In 1846, two xenophobic nations, the United States and Mexico, went to war over a border dispute. The war yielded more than 500,000 square miles of new territory to the victorious United States. Texas, California and the New Mexico Territory (now Arizona and New Mexico) were added, nearly doubling the size of the United States, while reducing Mexico’s territory by two-fifths. Veteran journalist Joseph Wheelan narrates in splendid detail the history of what he calls “the modern war” in American history. Most Americans celebrated the war as a moral victory over a backward nation, but the defeat left Mexico with a wounded national pride and a heightened distrust of the United States.

Intervention!: The United States and the Mexican Revolution, 1913-1917

by John S.D. Eisenhower

Historian John S.D. Eisenhower, grandson of the former president, tells the story of President Woodrow Wilson’s fateful decision to intervene in the Mexican Revolution in 1913. Wilson ordered a force of 1,200 marines to seize Veracruz and put a stop to arms shipments from Cuba. Surprisingly, one of the few Mexican leaders who did not denounce the intervention was Pancho Villa. In 1916, however, when Villa and his 500-member army raided the border town of Columbus, N.M.—leaving seven Americans dead— Wilson ordered an expedition into Mexico to capture Villa. Within a few months, the forces had to withdraw.
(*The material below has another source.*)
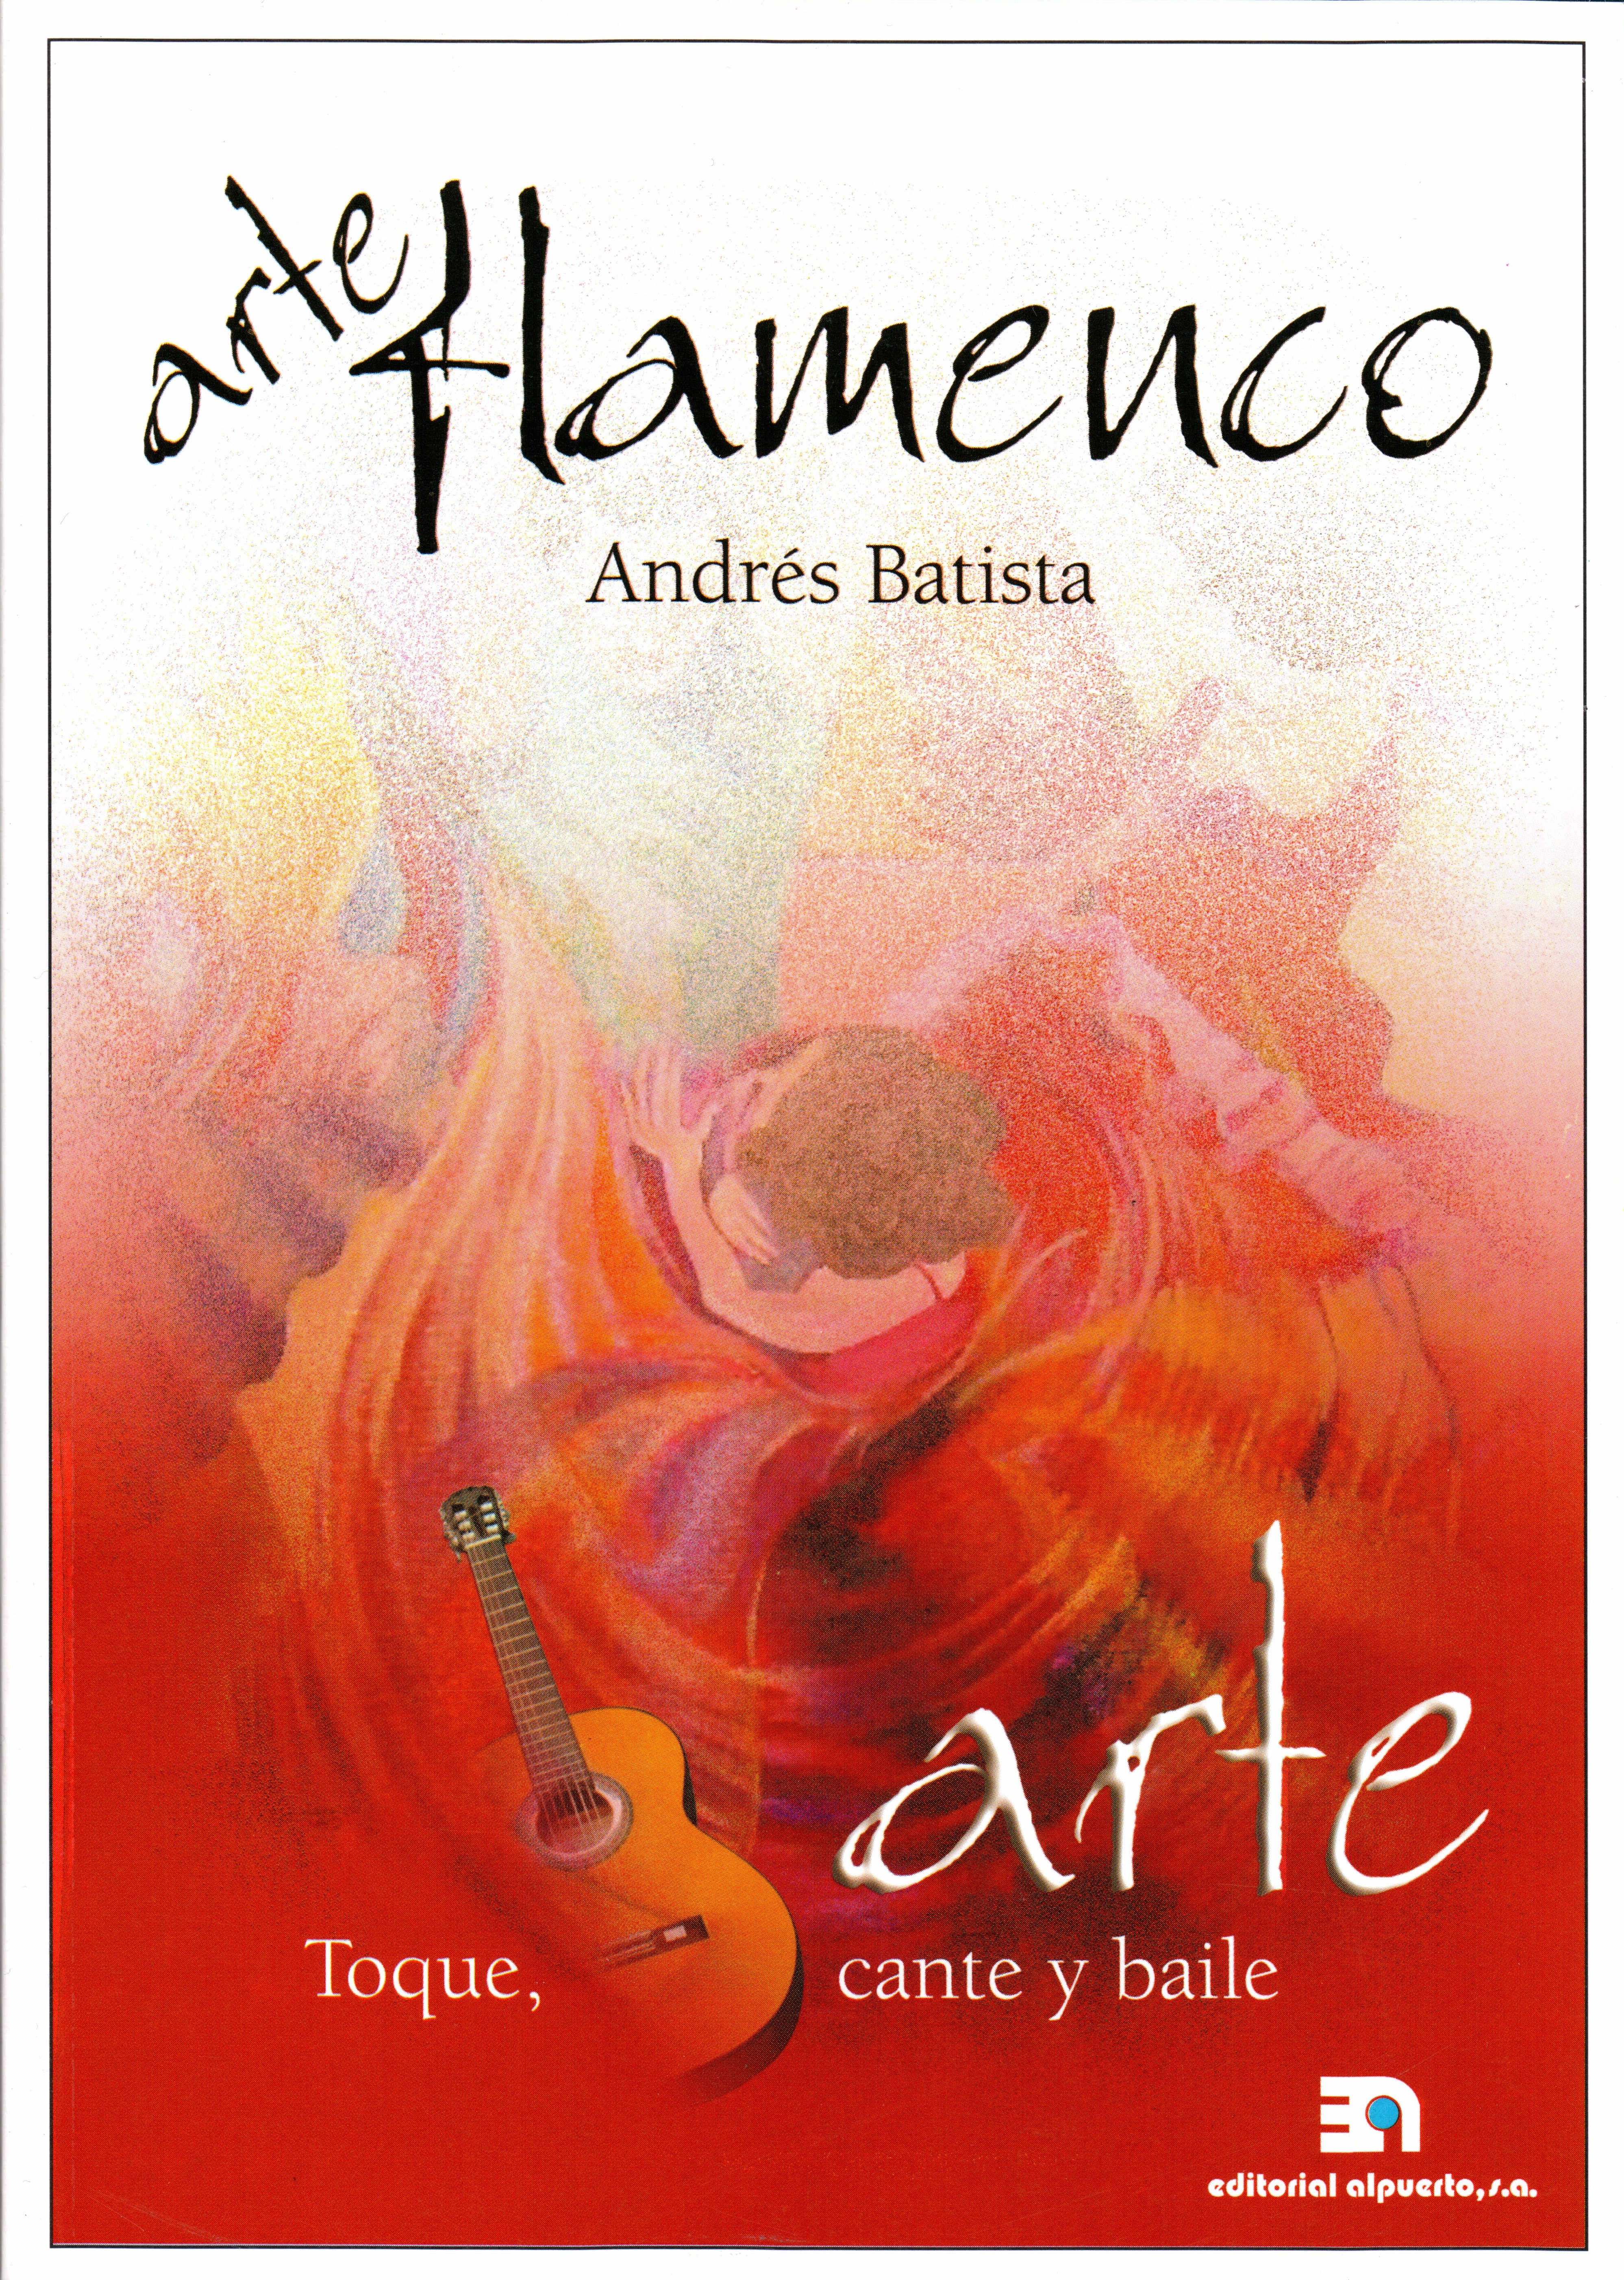 Arte flamenco
Toque, cante y baile

Wilson had learned the hard way that Mexican politics and border disputes were not easily resolved.

Cutting for Sign: One Man’s Journey Along the U.S.-Mexican Border

by William Langewiesche

Commercial pilot and Atlantic Monthly correspondent William Langewiesche explores a 1,951-mile border that is neither marked by natural barrier nor physical construct, but nonetheless remains “the most potent political demarcation of our time.” Langewiesche documents the way the border works. In response to an American living in Mexico who advocates open borders, he says, “The boundary acts as a filter crossed by the energetic and the brave. If the border is a myth, it is a useful one.” In haunting detail he tells the story of the border through the eyes of undocumented workers, border guards, environmental activists, drug enforcement officers, Mexican human rights advocates and American ranchers.

The U.S. and Mexico: The Bear and the Porcupine

by Jeffrey Davidow

Former U.S. Ambassador to Mexico under President George W. Bush, Jeffrey Davidow offers a highly readable memoir of his years there. Having coined the term “the bear [United States] and the porcupine [Mexico],” he finds ignorance and arrogance on both sides. At the beginning of their administrations, Bush and Mexican President Vincente Fox believed that issues dividing their two countries could be resolved. While Bush believed that Reagan’s immigration amnesty in 1986 had failed, he hoped that progress could be made on other issues. Davidow observes that both presidents were “committed to action. Both were naïve and…[unaware] of the limits of their power.”